Потом я начал осматривать в закутках то, что считалось, вероятно, вспомогательным, эскизным и стояло или лежало где попало. И вот у самых дверей, на полке за ведрами и шваброй, за рукомойником, среди черепков и случайных поделок, давно забытых и покрытых замшелой пылью, я увидел две руки. Две кисти женских рук, вылепленных из тонированного гипса на тонюсенькой, как кленовой лист, пластинке. Я уже давно был утомлен, собирался уходить, но вся усталость сразу прошла. Руки! Чьи же это руки? Одна — это было видно сразу — пожилой женщины. Пальцы расслаблены, тон гипса такой мягкий, что казалось, они просвечивают. А по этому расслабленному прикосновению к кленовому листу, по чуть набухшим жилкам, по немного морщинистой коже, по какой-то легкой трепетности рука казалась живой. Я представил себе женщину, у которой могли быть такие руки: она растила детей, эти пальцы передавали им и материнскую ласку, и тепло души, и бесконечную тревогу, и радость сердца. Мне даже подумалось, что она могла быть музыкантшей... И если нас трогали в жизни мелодии Чайковского, Шопена, Грига, если мы постигали с глубиной музыки дух их гениев, то только благодаря таким пальцам. Хотелось припасть к ним щекой.
А другая кисть — совсем молодой женщины. Когда мы любили, когда сами искали любви, когда томились наши сердца — так это по ним, по прикосновению этих рук. Когда мы целовали, так целовали только эти пальцы, вот такие прозрачно-розовые, нежно-ласковые и всегда податливые. И всегда сильные, потому что это они и несут нашу мечту, и утешают в минуты неудач или отчаяния, и делают нас мужественными. Все в них, в этих руках: доброта сердца и влюбленность в мир, в людей, в завтрашний день. С ними, с этими руками, нам ничего не страшно, мы считаем себя счастливыми, если с ними проходим весь свой путь до конца.
Кто она, та женщина, что так щедро подарила искусству свои руки? Мне казалось, что я ее вижу и не могу отойти от нее...
Наверно, солнце склонилось к закату, в мастерской стало меньше света, начали блекнуть краски. Мы посидели с Азгуром на табуретках; мне было трудно говорить — я еще весь был во власти впечатлений.
Как после длительного путешествия, хотелось разобраться, чем обогатило оно меня. Азгур помылся, стал переодеваться. Я еще раз обошел всю мастерскую, и — нет, меня манили к себе те руки. Я снова остановился возле них...
— Ну пойдем,— позвал Азгур.
— Идем.
В сквере, который от мастерской тянулся по всей Восточной улице, мы сели на скамейку. Осень уже тронула листья — золотистые, желтые, кое-где темно-красные, они чуть трепетали в кронах, медленно падали на землю. День тихий, спокойный, слегка веет прохладой.
Азгур снял и положил на колени свою темно-серую шляпу. В просветы между кустов сирени, низко подстриженных бордюров из жасмина нам видна была часть бывшего пригорода, застроенная новыми домами с красными крышами и антеннами на них. Растет и растет наш Минск.
Азгур вспомнил, как вернулся сюда после войны в солдатских сапогах, на еще не остывшие пепелища. Как увидел пустую мастерскую с выбитыми окнами, поломанными дверьми; по ней гулял ветер, летали воробьи, на полу валялись осколки бюста Змитрока Бядули. Меня удивило, как мог Азгур говорить об этом спокойно.
— А помнишь, Заир, Койдановский тракт? — спросил я.— Наши споры и твои планы?
— Ну, тогда нам все представлялось легким. Мы же были молоды.

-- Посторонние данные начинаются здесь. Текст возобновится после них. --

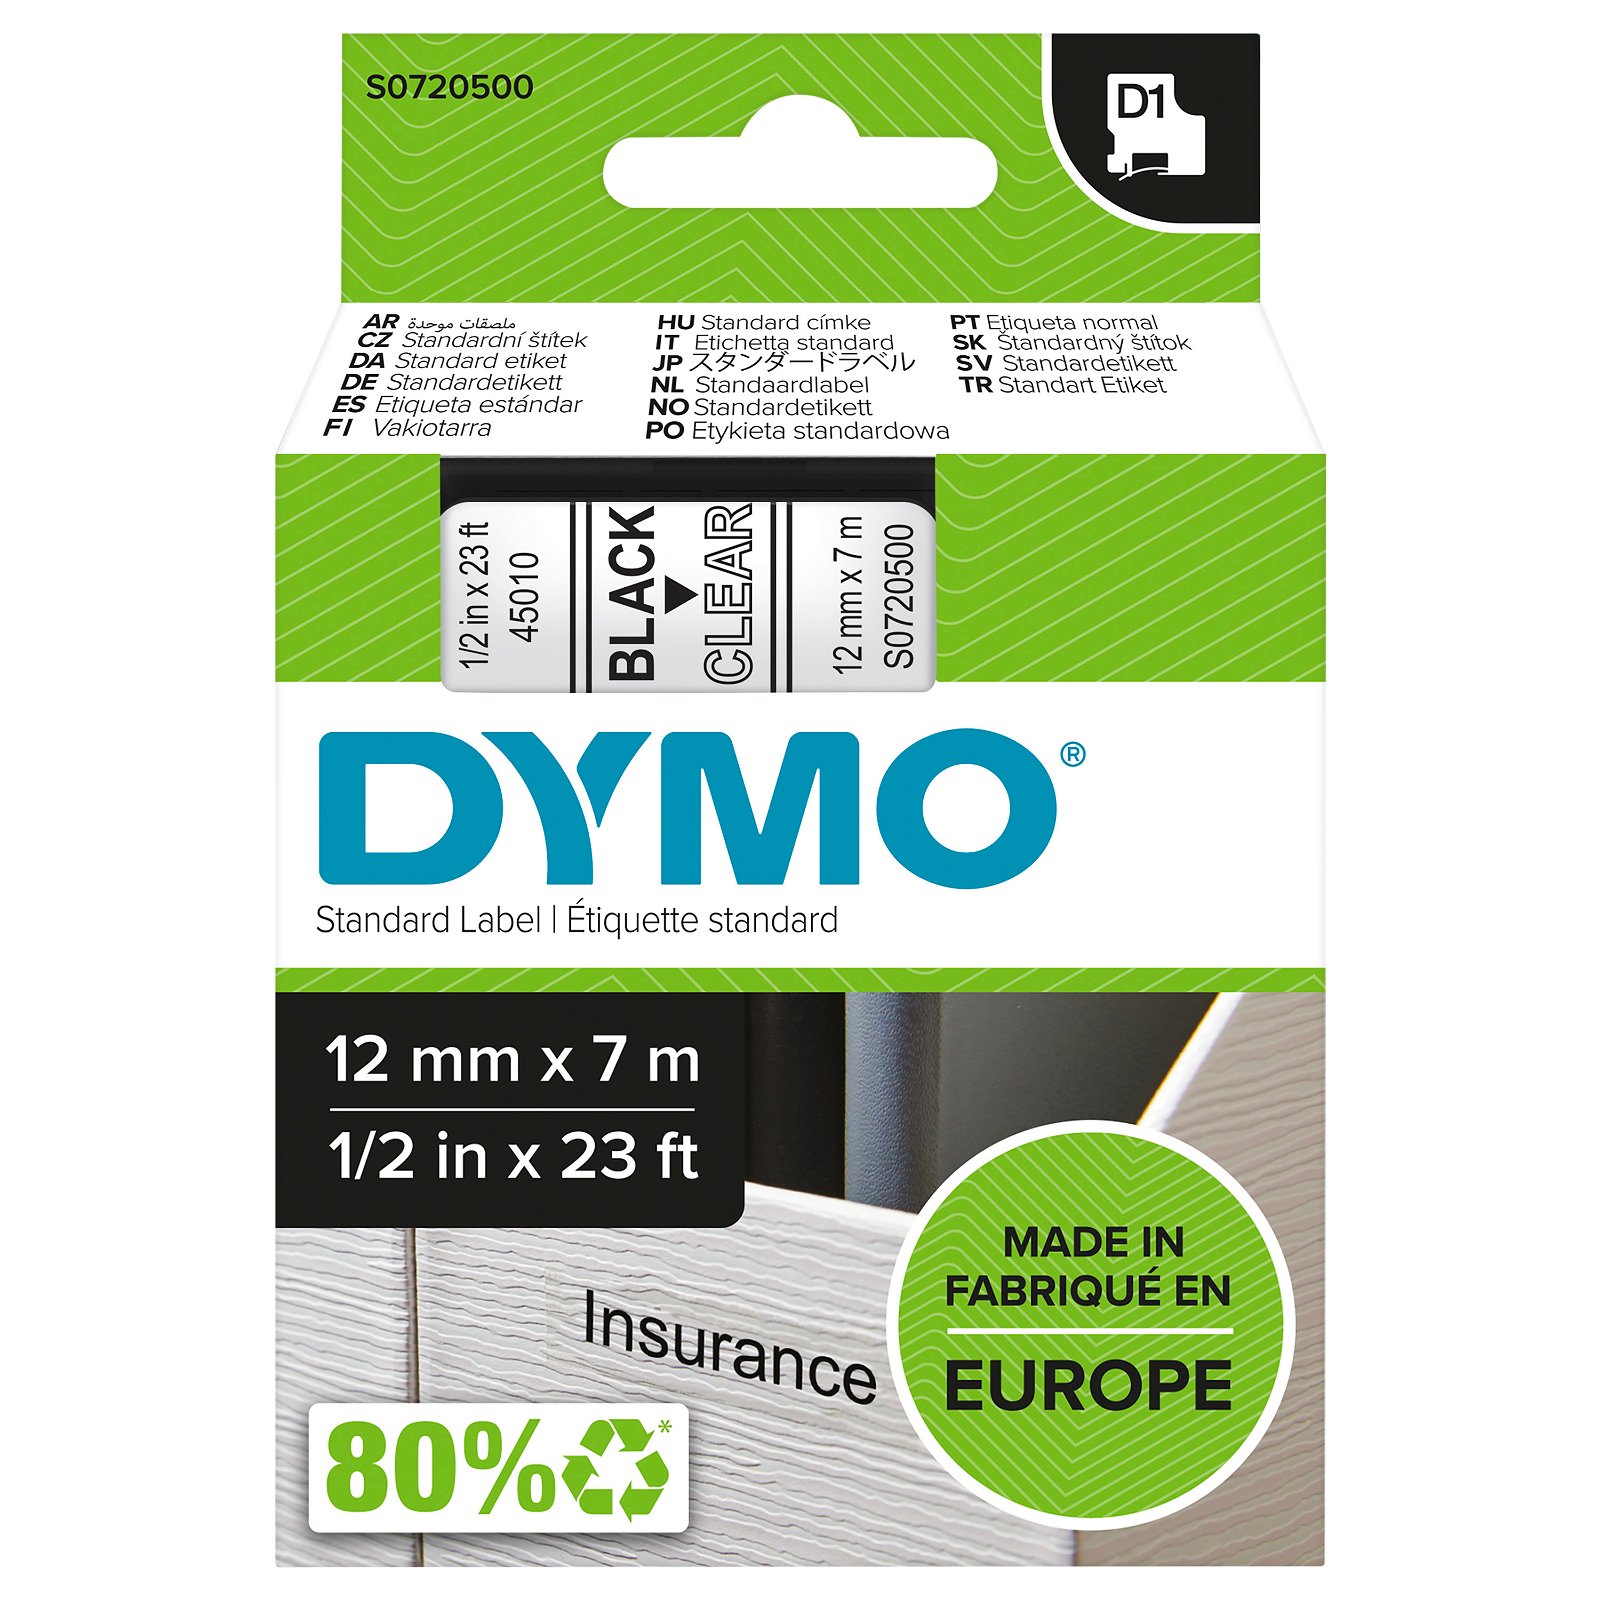 Dymo D1 standard tapekasette 12 mm sort;klar Polyester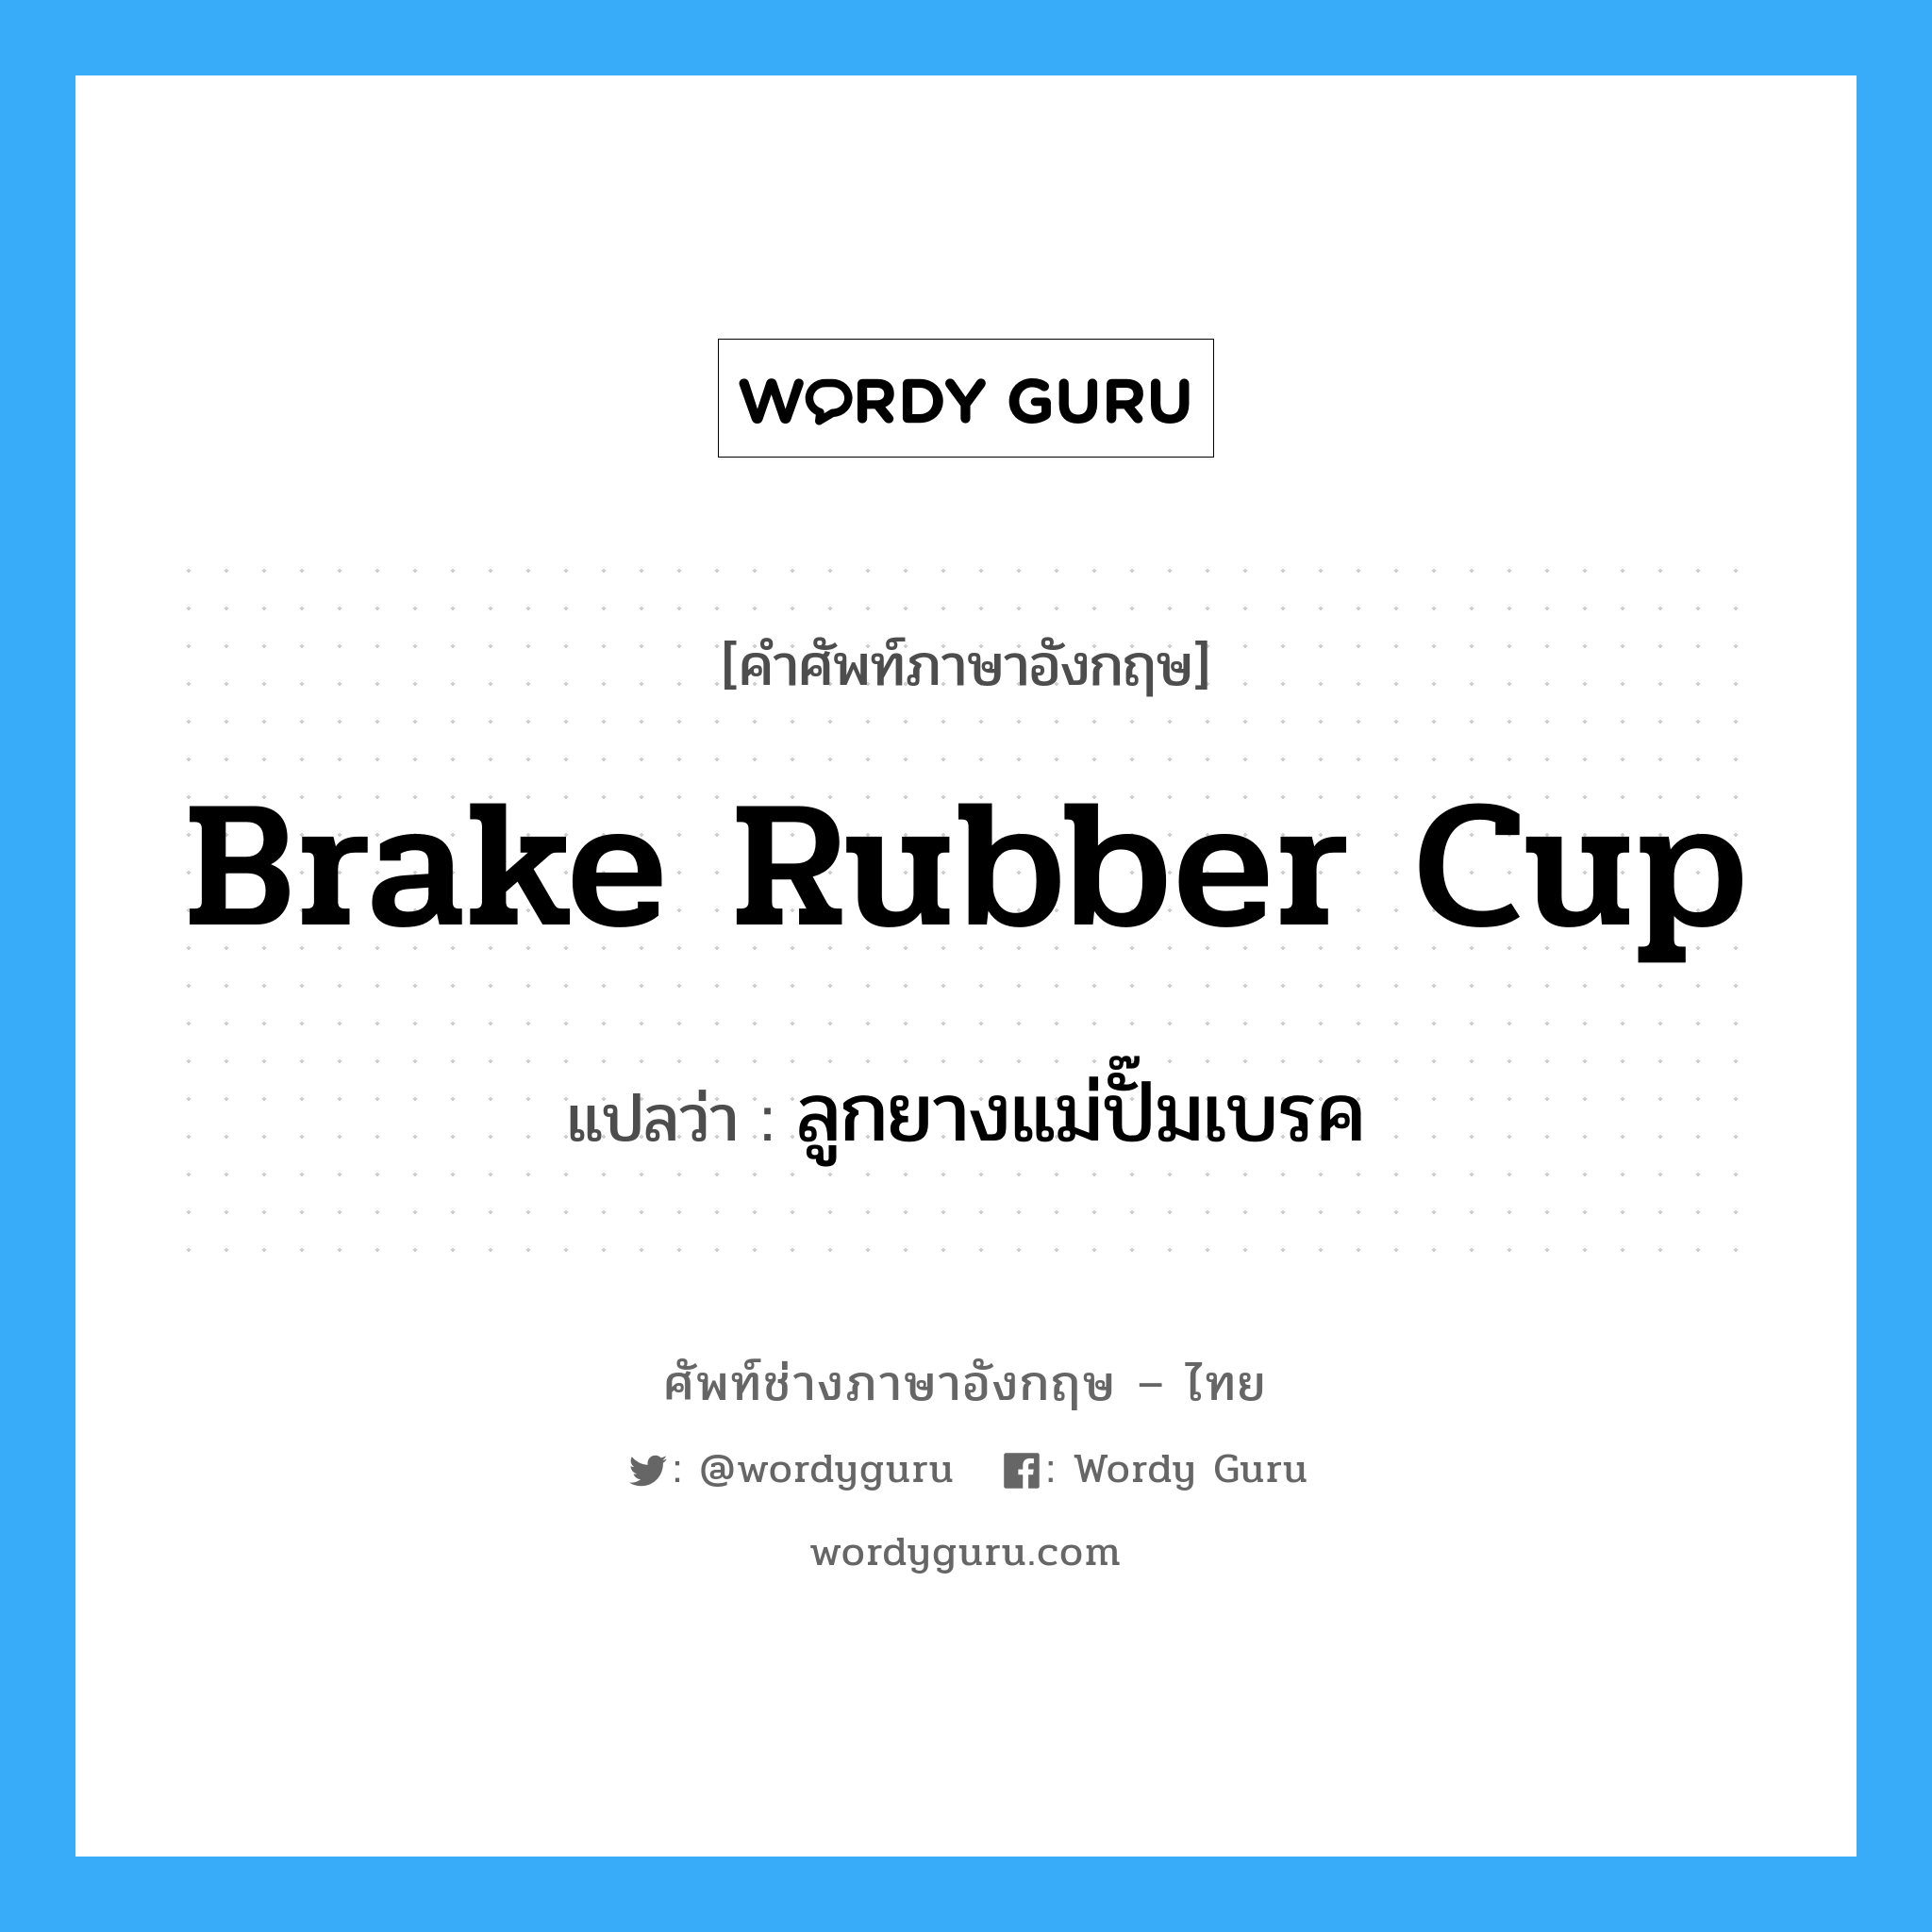 brake rubber cup แปลว่า?, คำศัพท์ช่างภาษาอังกฤษ - ไทย brake rubber cup คำศัพท์ภาษาอังกฤษ brake rubber cup แปลว่า ลูกยางแม่ปั๊มเบรค

Мне показалось, что это сказано не вполне искренне. Что Азгур отрекся от себя только для видимости. Да это видно было и по огоньку, который зажегся в его глазах, и по тому, как он встряхнул шевелюрой — уверенно и упрямо. Я мог бы прочесть сказанное иначе: «А ты думаешь, что тогда это говорилось на ветер? Нет, брат, Азгур не такой человек».
Я так и сказал ему — что он хитрит. Потому что сам знает: им сделано много и с высокой гражданской ответственностью. В тех планах молодости было много наивности, красивой, но утопичной романтики, псевдонародности, а то, что я видел, было мужественно, правдиво, сурово. И монументально.
— Словом, Заир,— сказал я,— я радуюсь за тебя и по- хорошему завидую. Ты можешь счастливым ходить по земле.
Азгур затряс седой шевелюрой, немного склонив голову, как бы благодаря меня за добрые слова. И скупо, но лукаво улыбнулся. «А ты ничего нового мне не сказал,— будто говорила та улыбка.— Я сам понимаю все то, о чем ты говоришь».
«Ну и правильно,— подумал я.— Так и должно быть. Если хочешь чего-то достичь, будь уверен в себе».
Поистине, этот человек не знал усталости. Мало того, что он лепил, не покидая, казалось, мастерской, так он успевал за день побывать на собраниях и заседаниях, в редакциях газет и журналов, встретиться и наговориться с друзьями, каждый раз оставляя после себя ощущение пролетевшего вихря: столько беспокойства и напористости вносило его появление. И успевал еще писать.
Успевал он повидаться и со мной. На работе или на улице, а иногда мы бывали друг у друга дома. Но вот, появивщись сначала незаметно, как бы украдкой, все больше и больше меня начинало тревожить чувство какой-то неловкости. Будто
в наших отношениях появилась какая-то отчужденность. Будто я должен был в чем-то сознаться перед Азгуром, но не решался и поэтому чувствовал себя виноватым. «Что это? — спрашивал я самого себя.— Иные пристрастия и иные вкусы, которые пришли к нам с годами, и мы теперь стараемся молчать о них, чтобы не нарушать дружбу?» Но нет, этого не было: не постеснялся же я сказать ему, что проект памятника Якубу Коласу мне не нравится, что с образом чародея земли нашей совсем не вяжется декоративность. Что натуралистический камень-валун, на котором он сидит, придает позе неестественность, потому что сразу видно, что не сам он на камень залез, а его усадили и ему там сидеть неудобно1.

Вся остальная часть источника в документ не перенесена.